_YOUR ASSIGNMENT_
Using the records that follow, reproduce exactly the lines starting at the line containing "KONE sostiene la" and ending at the line containing "Quatre matchs de". Include both end lines and no pictures.

_DATA_
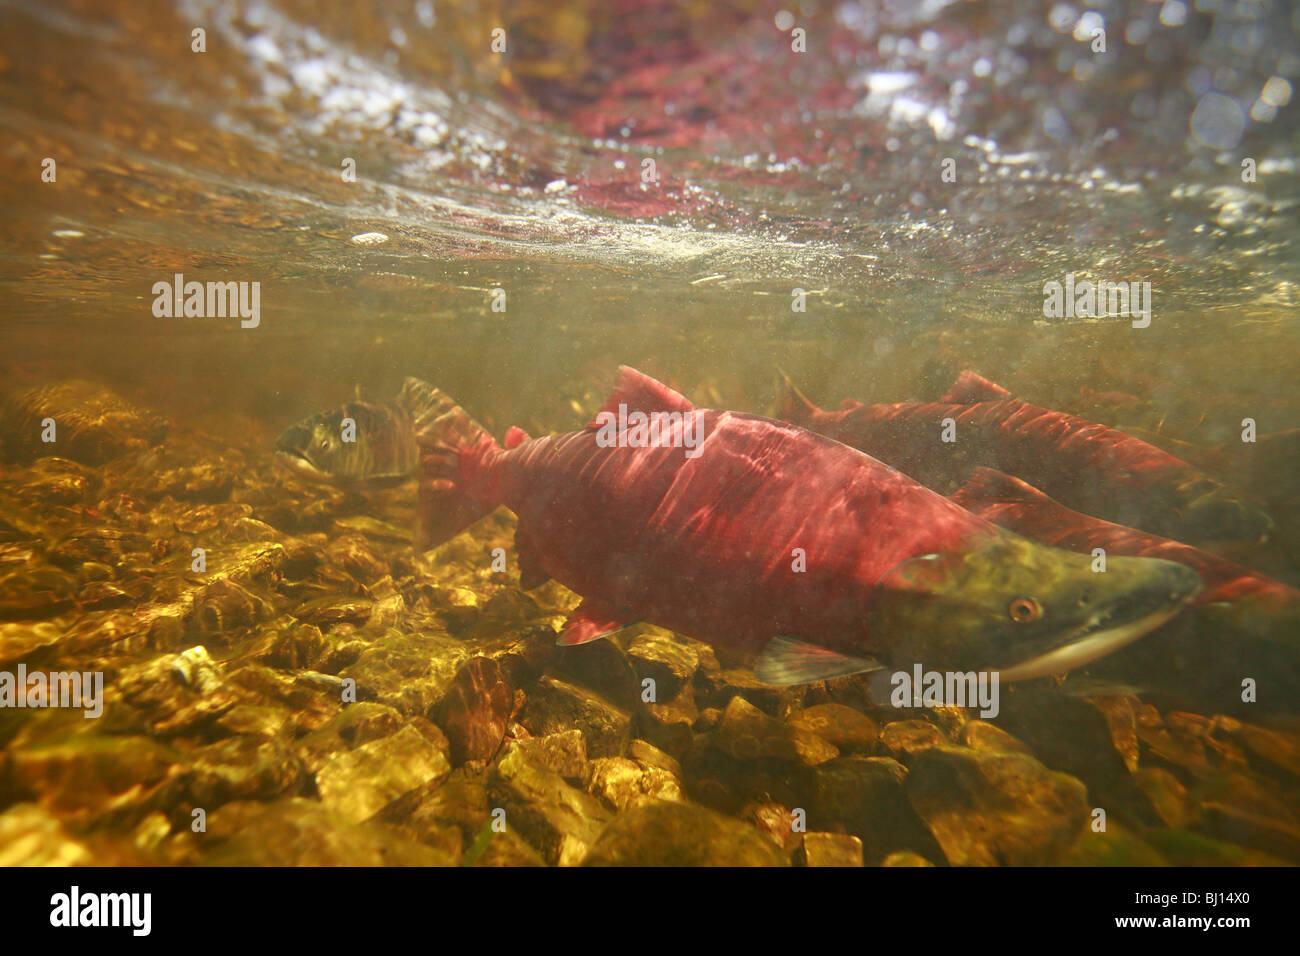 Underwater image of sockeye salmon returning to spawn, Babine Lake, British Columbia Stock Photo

==

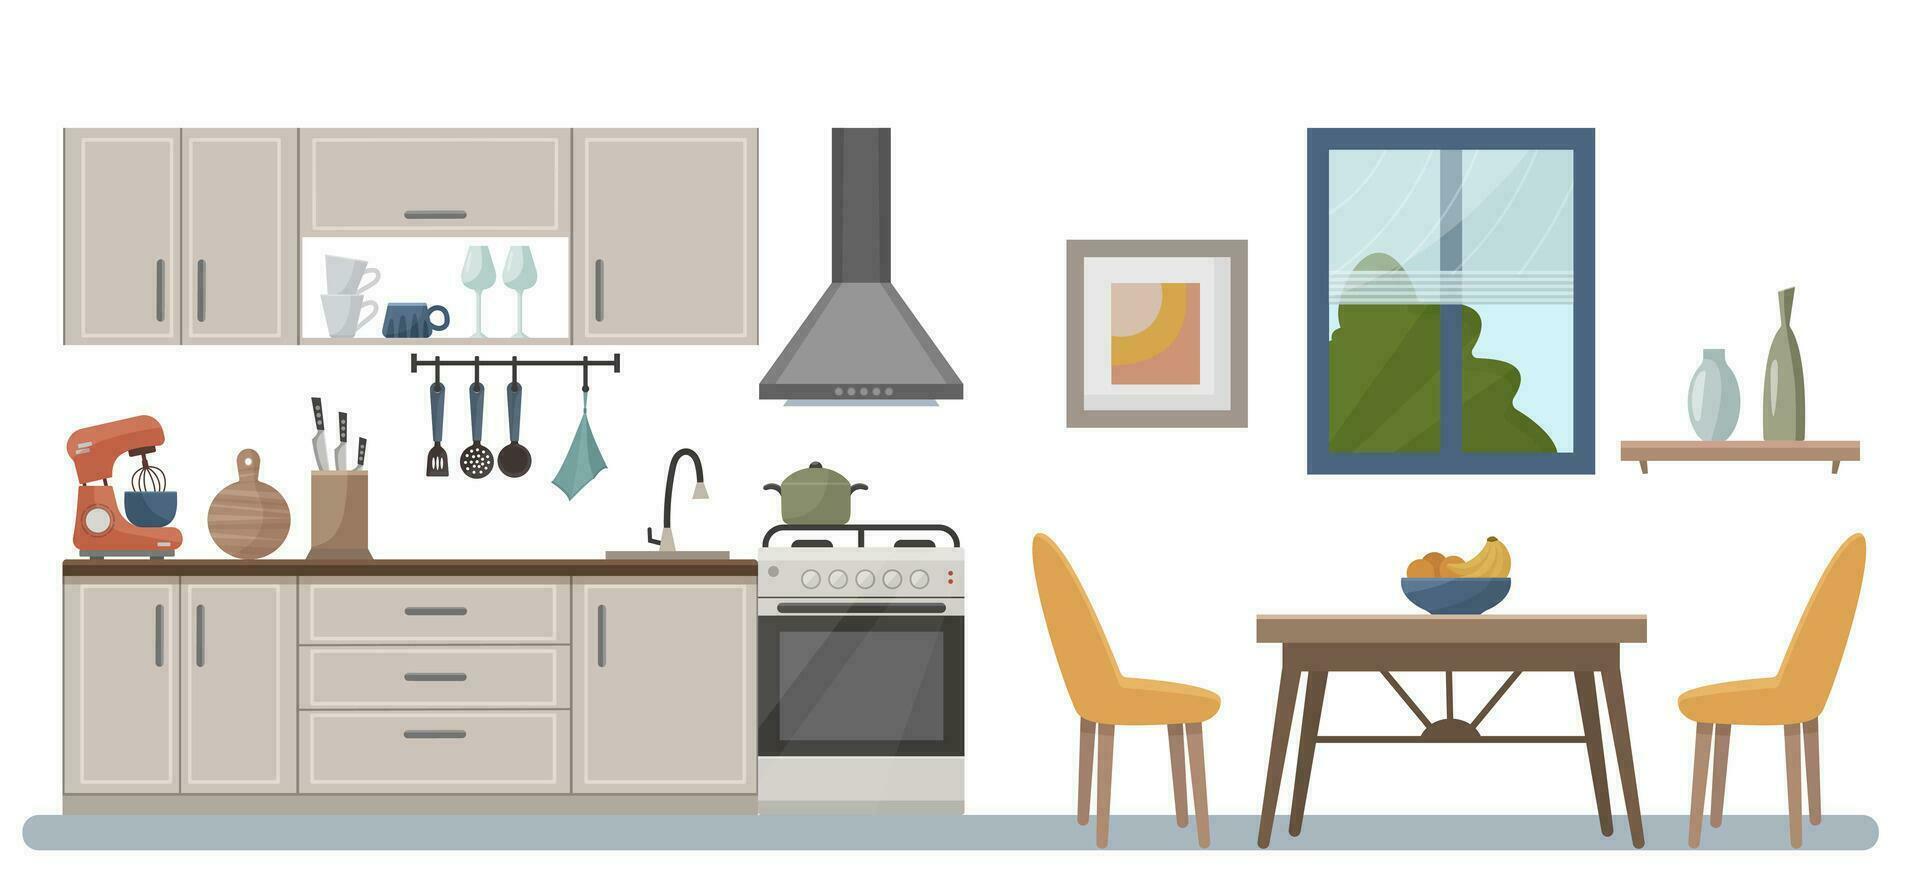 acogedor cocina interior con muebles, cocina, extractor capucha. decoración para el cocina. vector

* * *

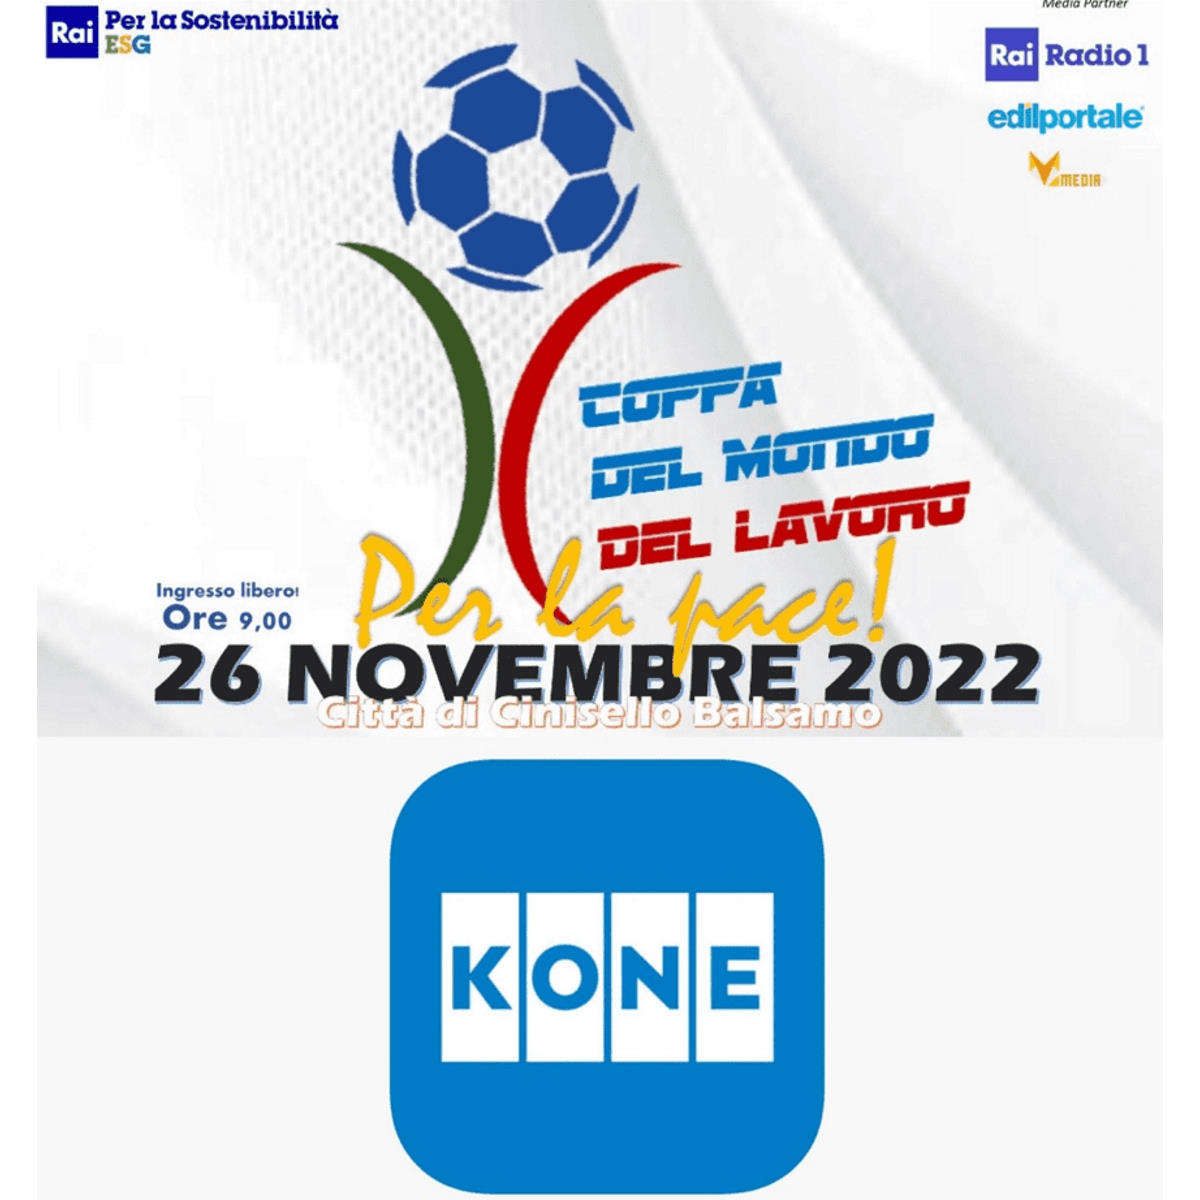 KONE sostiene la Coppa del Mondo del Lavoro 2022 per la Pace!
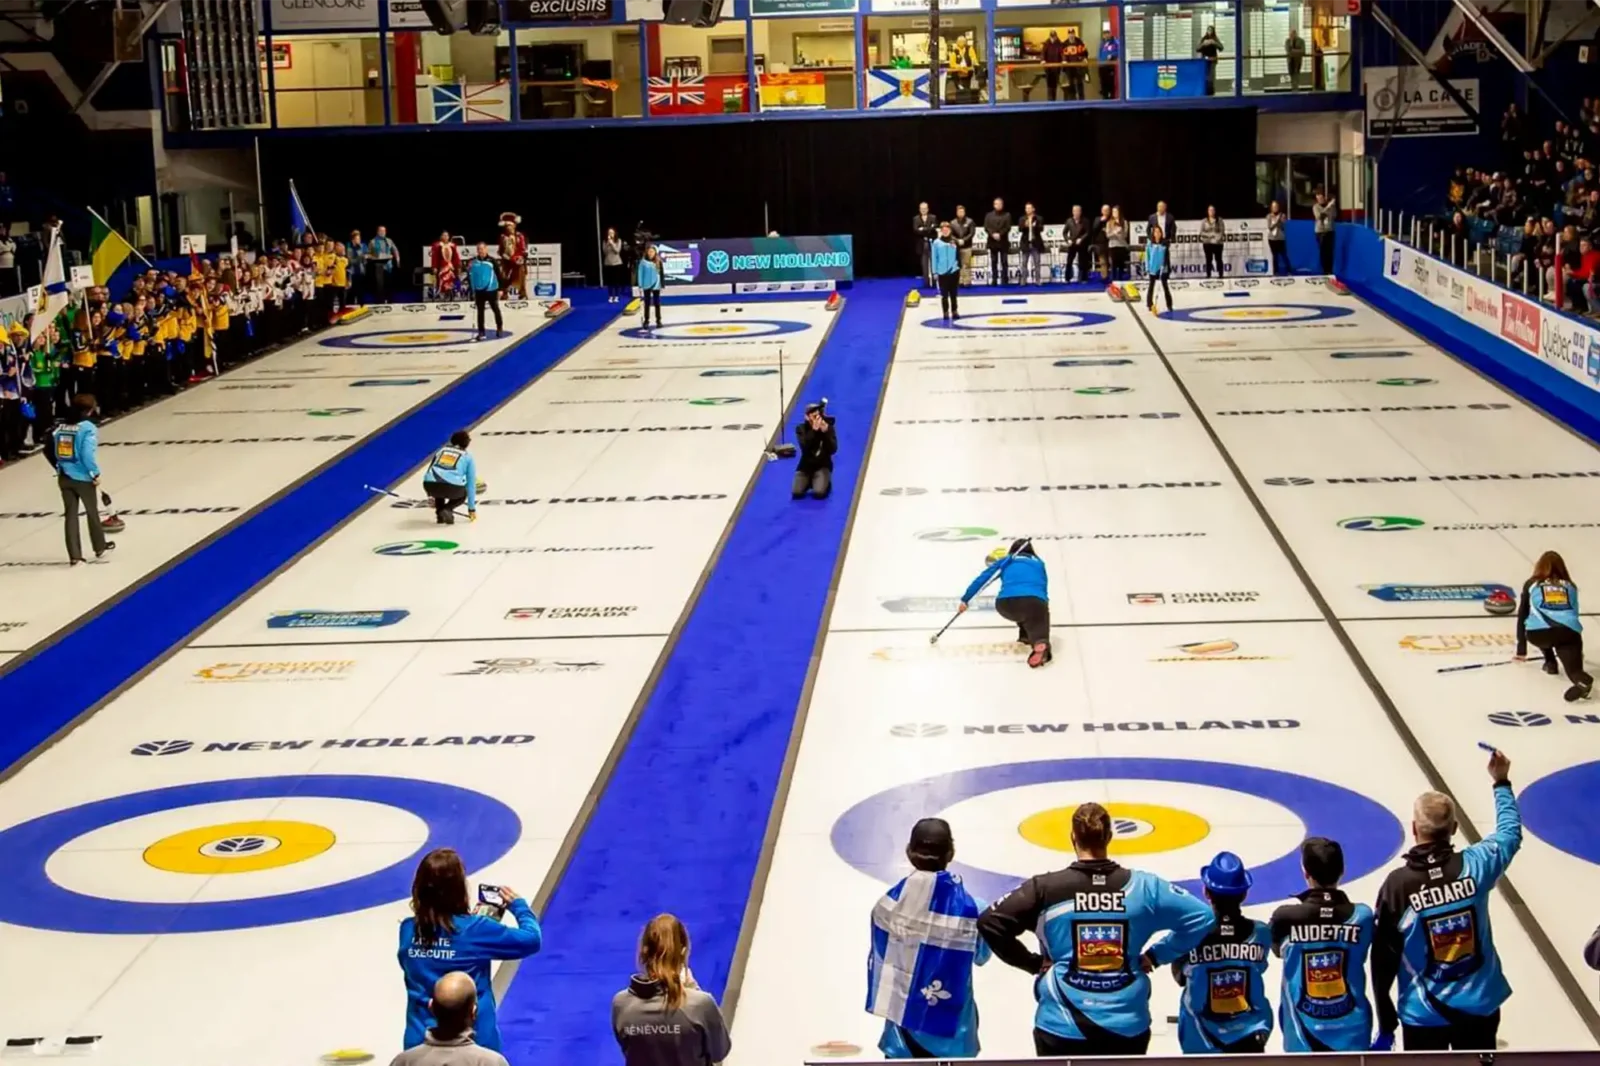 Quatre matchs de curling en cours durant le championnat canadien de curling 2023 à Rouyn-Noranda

_SOLVED PROBLEM_
 KONE sostiene la Coppa del Mondo del Lavoro 2022 per la Pace!
 Quatre matchs de curling en cours durant le championnat canadien de curling 2023 à Rouyn-Noranda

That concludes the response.